Scolarisé au collège municipal d’Armentières, René Knockaert habitait à l’époque Houplines. En juin 1943, à la fin de sa première, il a passé ses premières épreuves du bac à Lille, à la faculté de lettres et droit, rue Angellier. Il avait dû prendre une nuit d’hôtel, la veille, sur place, pour être sûr d’être à l’heure le Jour J. « Nous étions debout, 50 à 100, sur les marches, devant la faculté, à attendre l’ouverture des portes quand est survenue une patrouille allemande d’une quarantaine de soldats qui chantaient. Moi et d’autres, on les a sifflés. Les soldats ont rompu les rangs et foncé sur nous. Il y a eu quelques coups de crosse mais pas de blessés graves. On a pu passer le bac normalement », se remémore-t-il.
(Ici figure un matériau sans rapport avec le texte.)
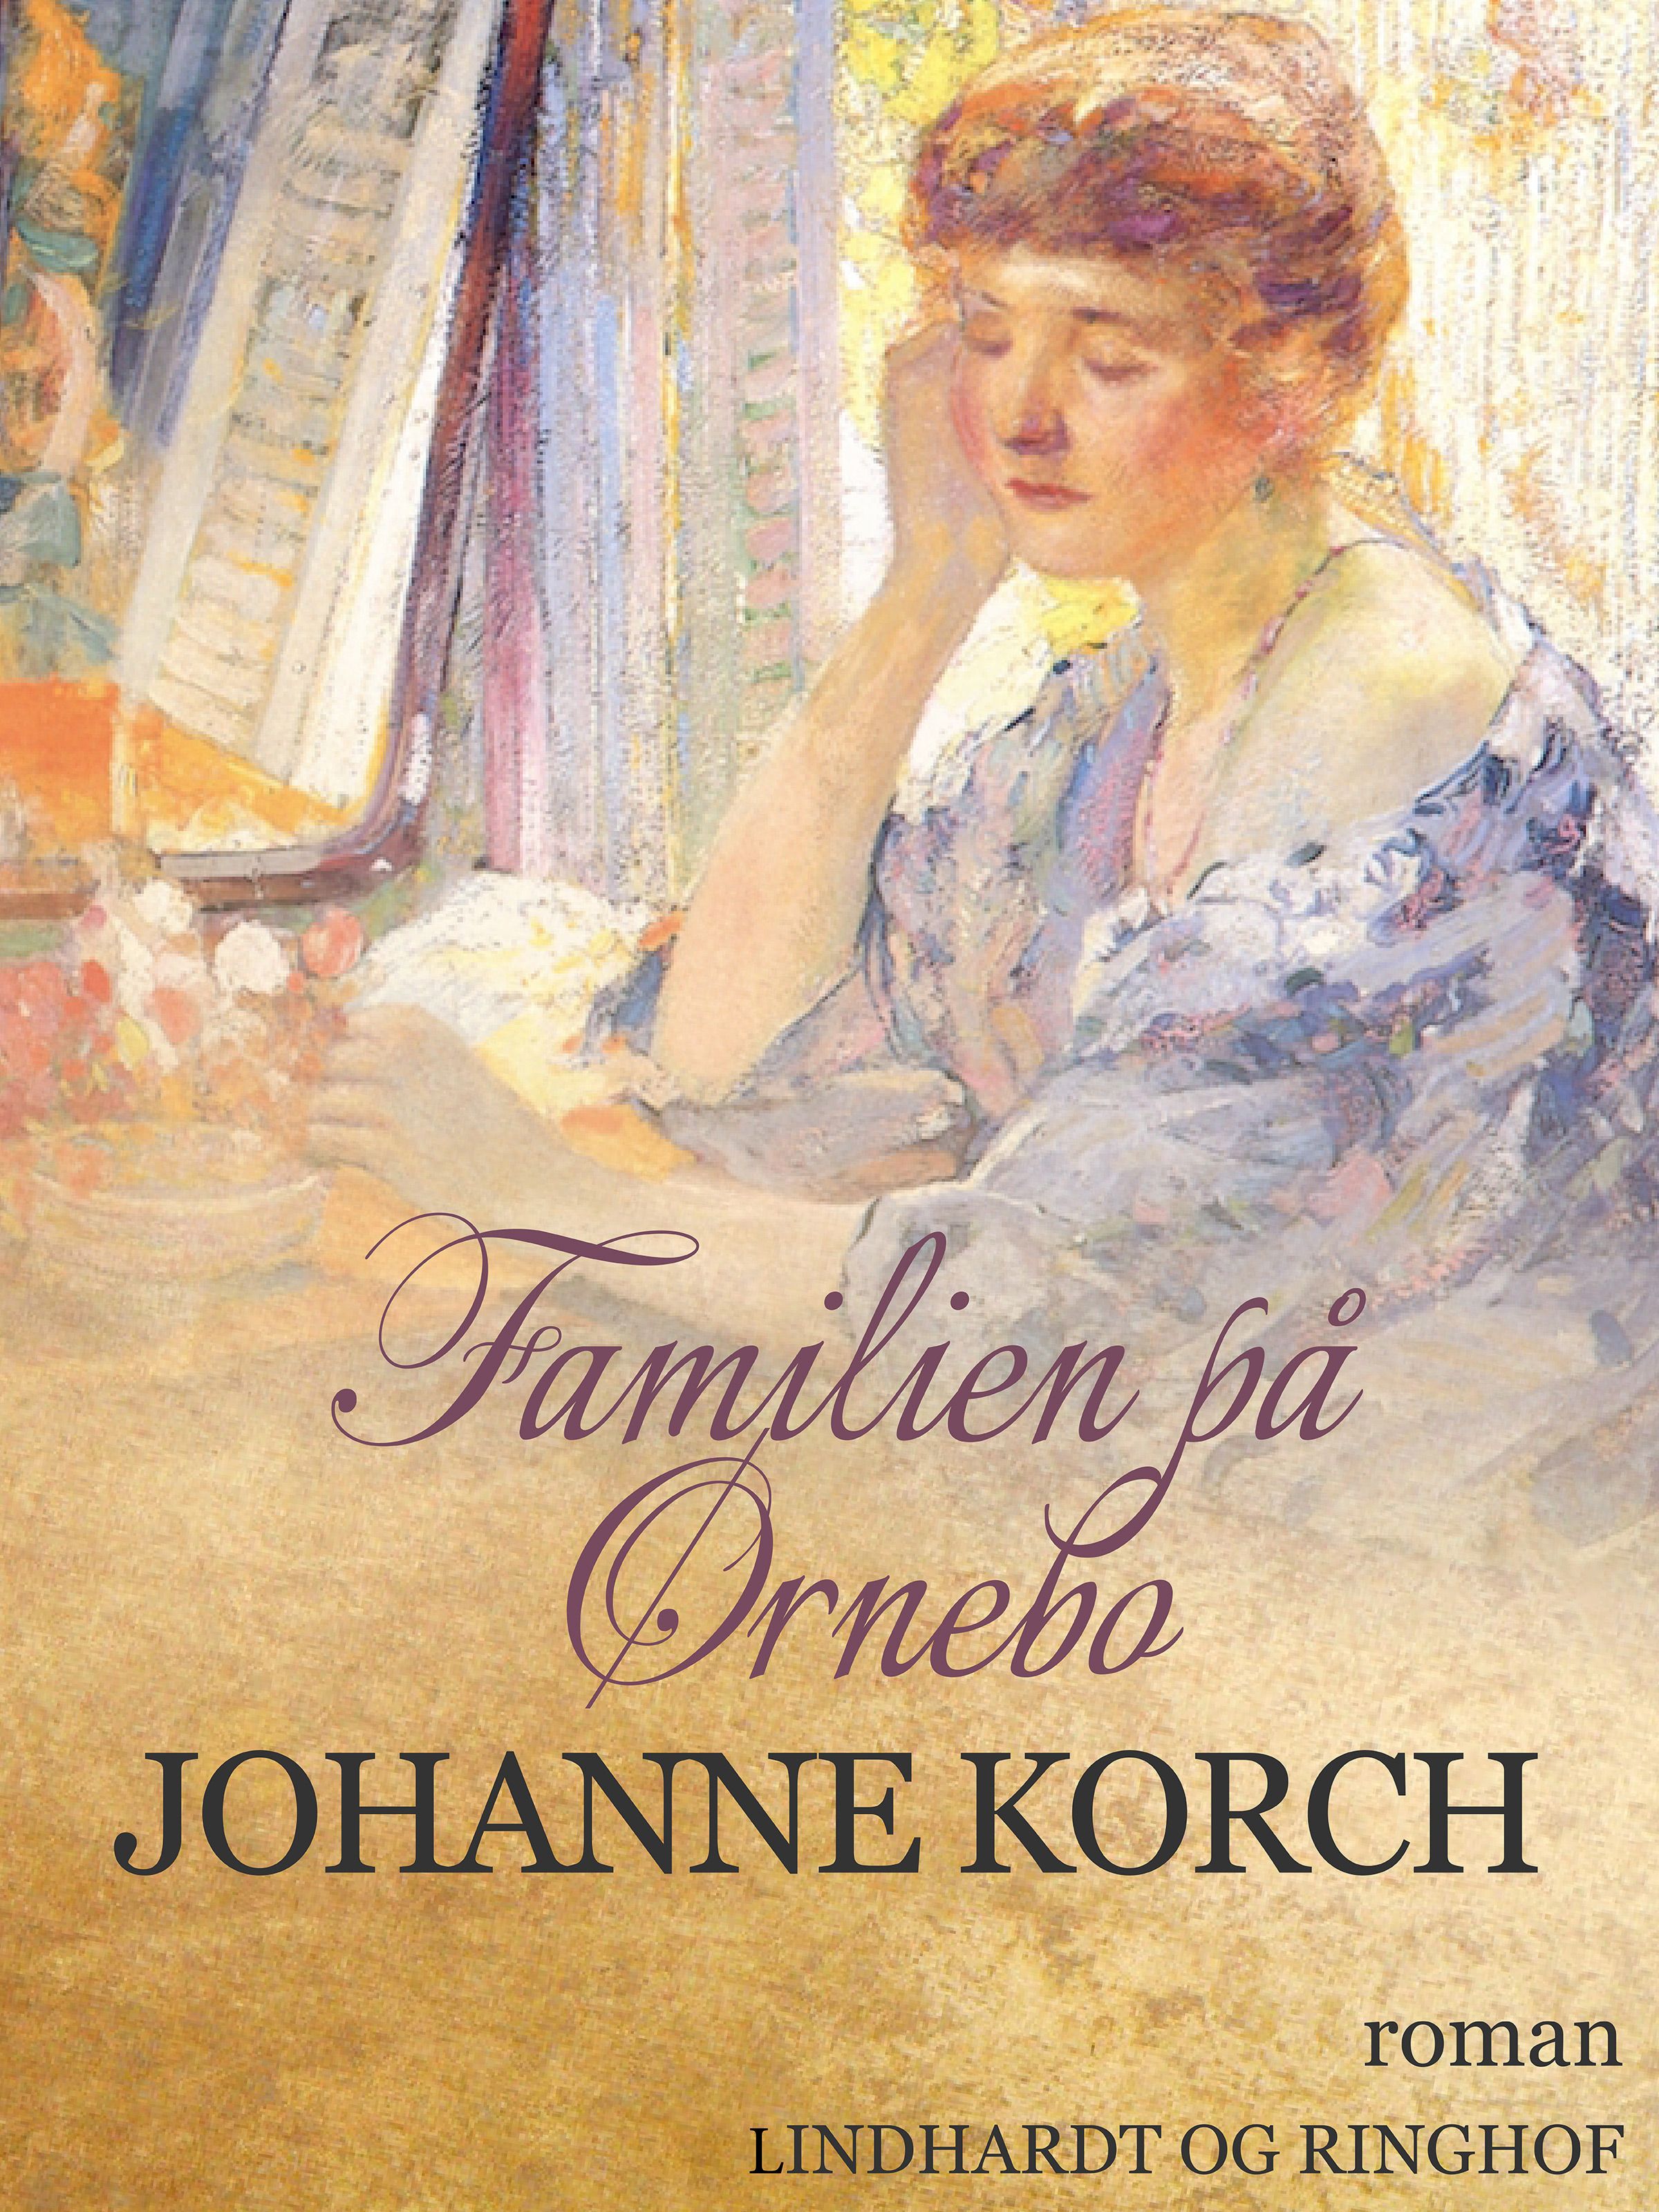 Familien på Ørnebo, ljudbok av Johanne Korch

« On était assignés à résidence. Mais en petits groupes, avec des professeurs, on allait les uns chez les autres pour finir le programme et réviser. »

 

« Compte tenu des bombardements aux alentours, la scolarité avait été interrompue pour tous, en mai. Nous travaillions chez nous sans savoir comment allait se passer nos examens. Le 6 juin, il y a eu le Débarquement puis, par la suite, le reflux des troupes allemandes qui rentraient vers l’Allemagne. Le 22 juin, il y avait eu des bombardements à Armentières et 150 morts. » Mais les élèves ont bien continué à potasser leur bac.

« On était assignés à résidence. Mais en petits groupes, avec des professeurs, on allait les uns chez les autres pour finir le programme et réviser. C’est ainsi que notre classe passa quelques heures agréables sur la terrasse de la Banque de France dont le directeur était le père d’une camarade. Avant, on n’avait pas l’impression d’être dans la guerre, puis on a eu le sentiment de rentrer vraiment dans la bataille. »
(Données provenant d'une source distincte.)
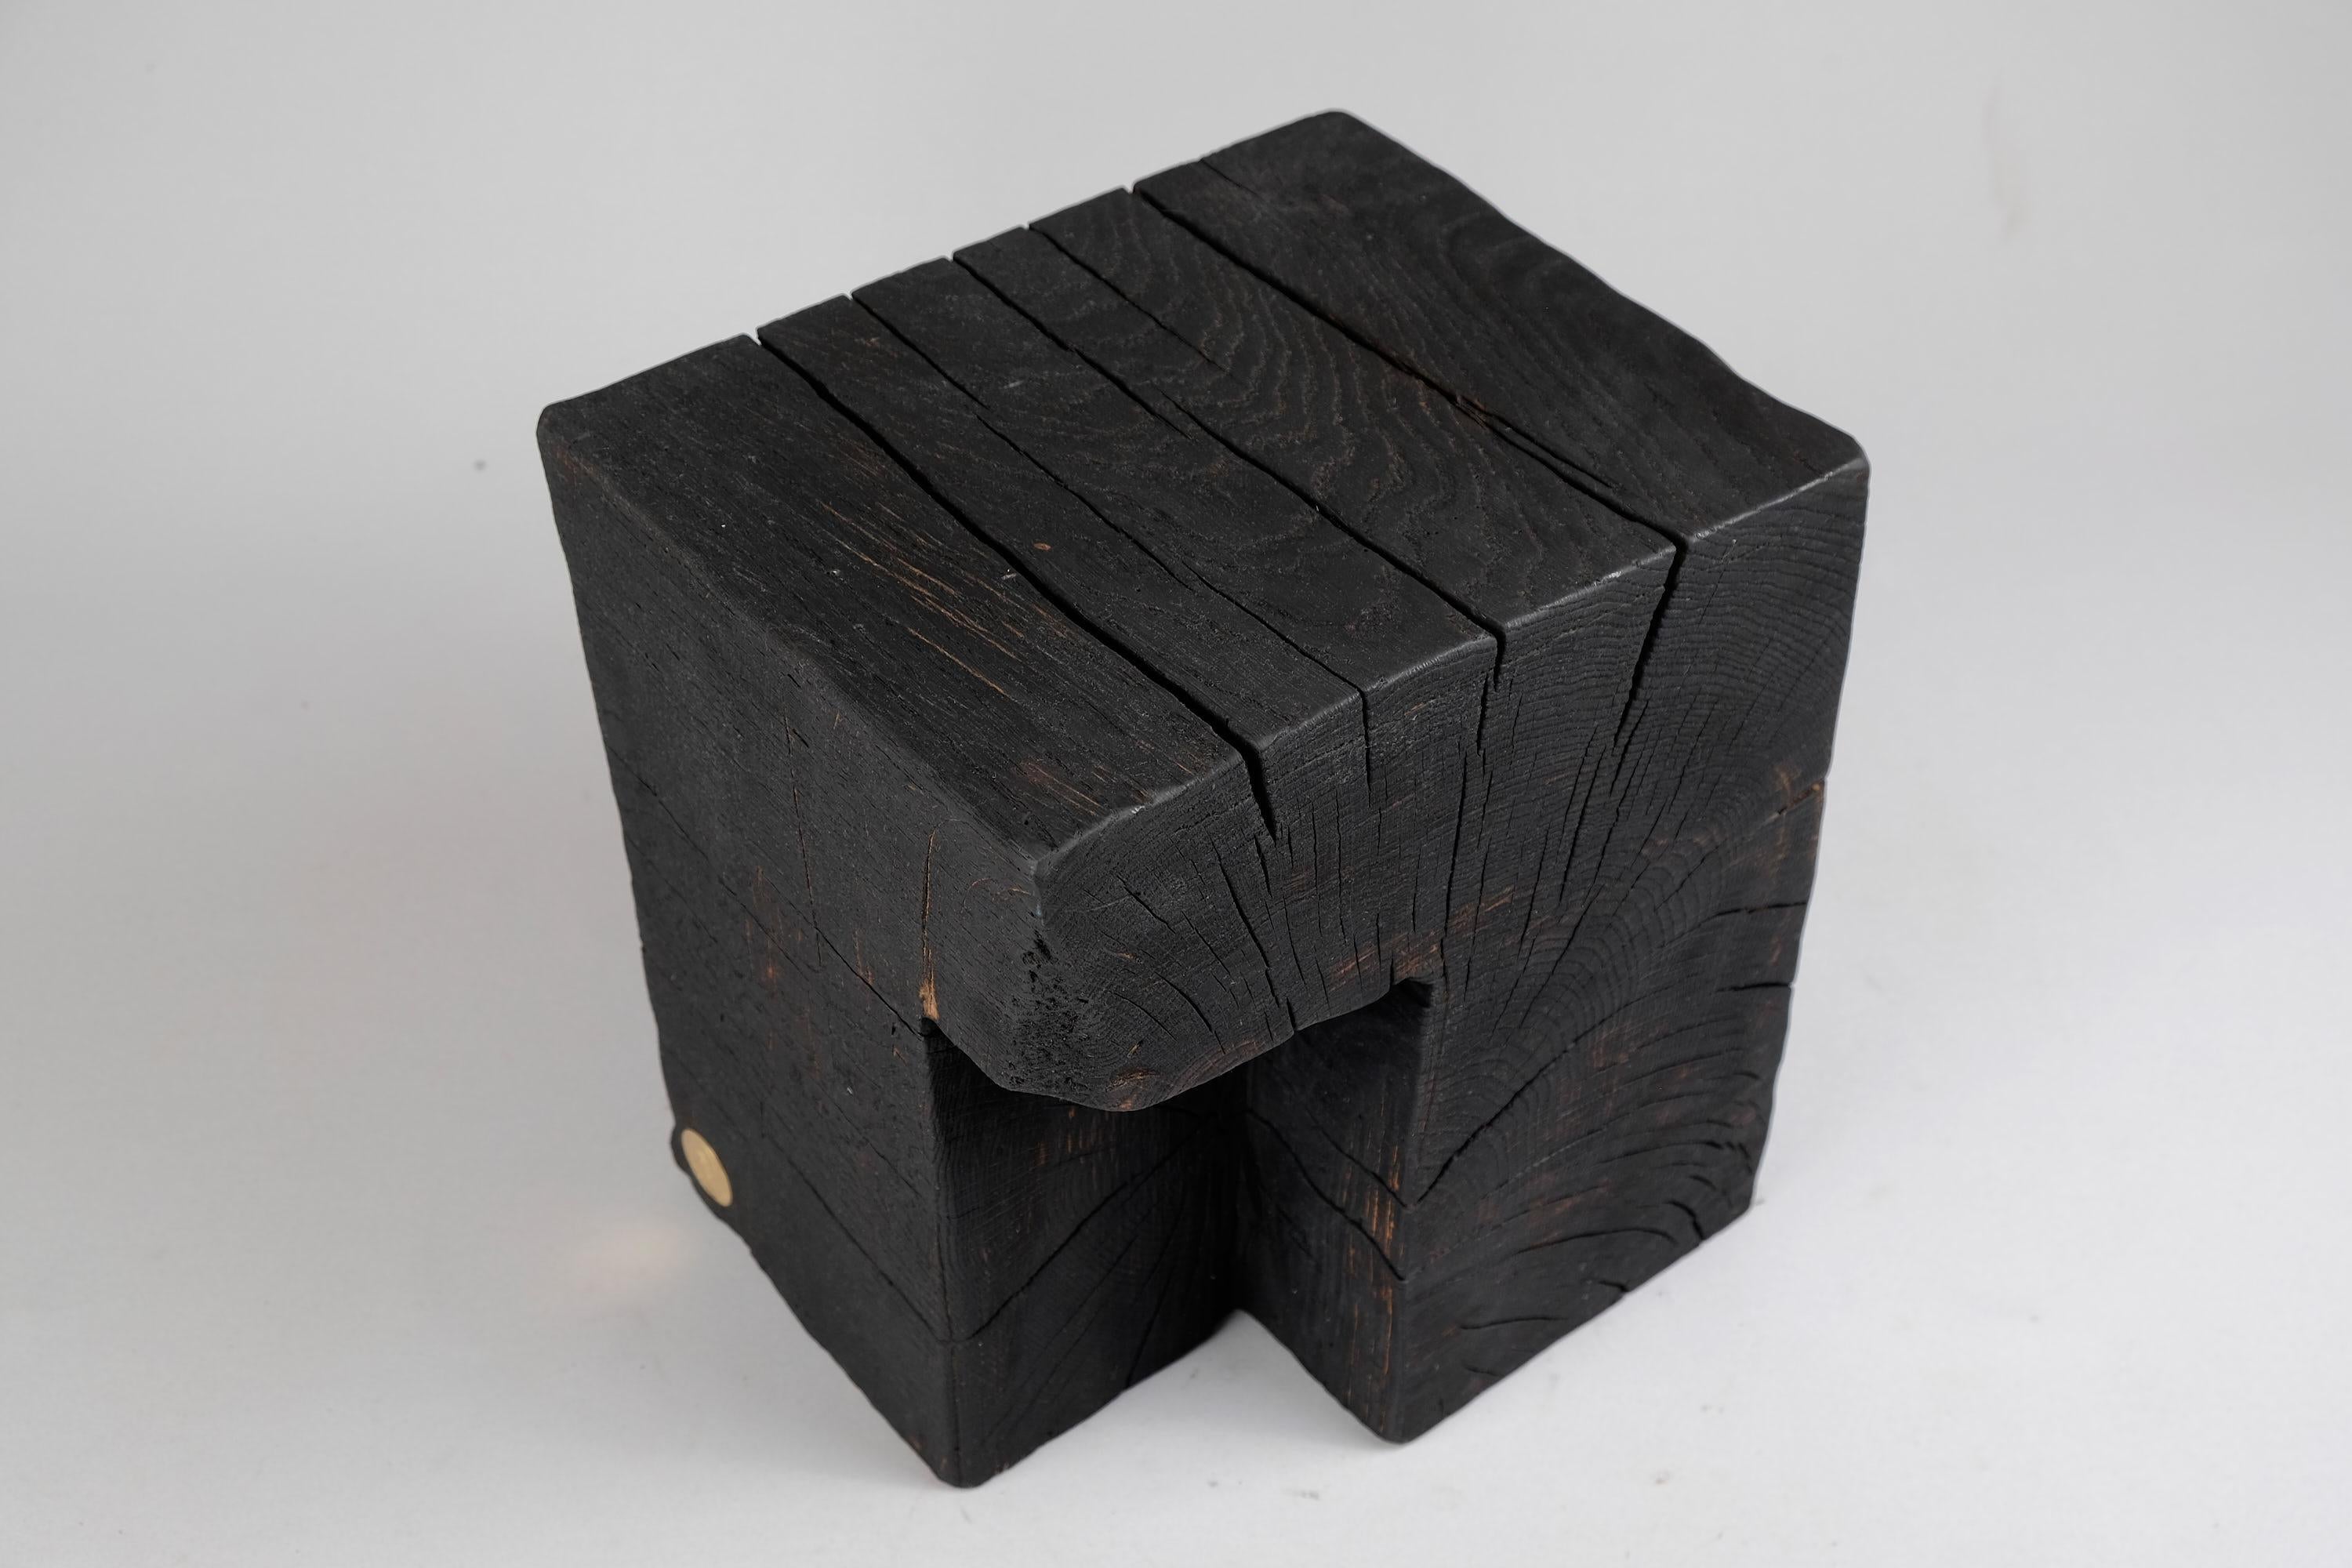 Table d'appoint rustique contemporaine en bois sculpté à la tronçonneuse. Sculpté dans une seule pièce de bois et protégé par des huiles de la plus haute qualité, il est durable pour des générations. Un tel design unique fait à la main mettra en

À cause de la chaleur et des potentiels bombardements, il révisait aussi dans sa cave.

Fin juillet début août, René Knockaert et ses camarades ont appris qu’ils passeraient bien leur bac, en août, avec un changement notable. « Tous les ans, les élèves étaient convoqués dans un seul centre d’examen situé à Lille. Comme les déplacements n’étaient plus possibles, ont été mis en place des centres d’examen éclatés dont un à Armentières, dans mon établissement. On l’a passé dans les caves. »

Il ne se souvient pas avoir eu peur en passant son bac, mais craignait les bombardements. René a obtenu son bac avec une mention bien. « Quinze jours après le bac, c’était la libération d’Armentières, un peu sanglante ».

Un adolescent en temps de guerre

« On avait une vie normale sauf qu’on ne bougeait pas beaucoup », se rappelle René Knockaert. Il se souvient avoir vécu « au jour le jour ». « On ne pouvait pas aller sur la côte à cause des soldats. Pendant les vacances, on faisait un peu de sport et des balades. J’ai aussi fait du théâtre. J’étais aussi le responsable, pour le collège, de la Jeunesse étudiante chrétienne (JEC). On organisait, hors du collège, des cercles d’études. Grâce à cela, j’ai eu des contacts avec des élèves de Saint-Jude et on a fait des campings pendant les vacances. J’allais aussi beaucoup au cinéma. Tout le monde écoutait Radio Londres et on en parlait librement en classe. Certains avaient leurs parents dans la Résistance ou étaient dedans. »

Les bals étaient interdits et un couvre-feu était imposé à tous. « Nous allions quand même les uns chez les autres et on organisait des surprise-parties. On écoutait du jazz, on buvait de l’alcool, on dansait… »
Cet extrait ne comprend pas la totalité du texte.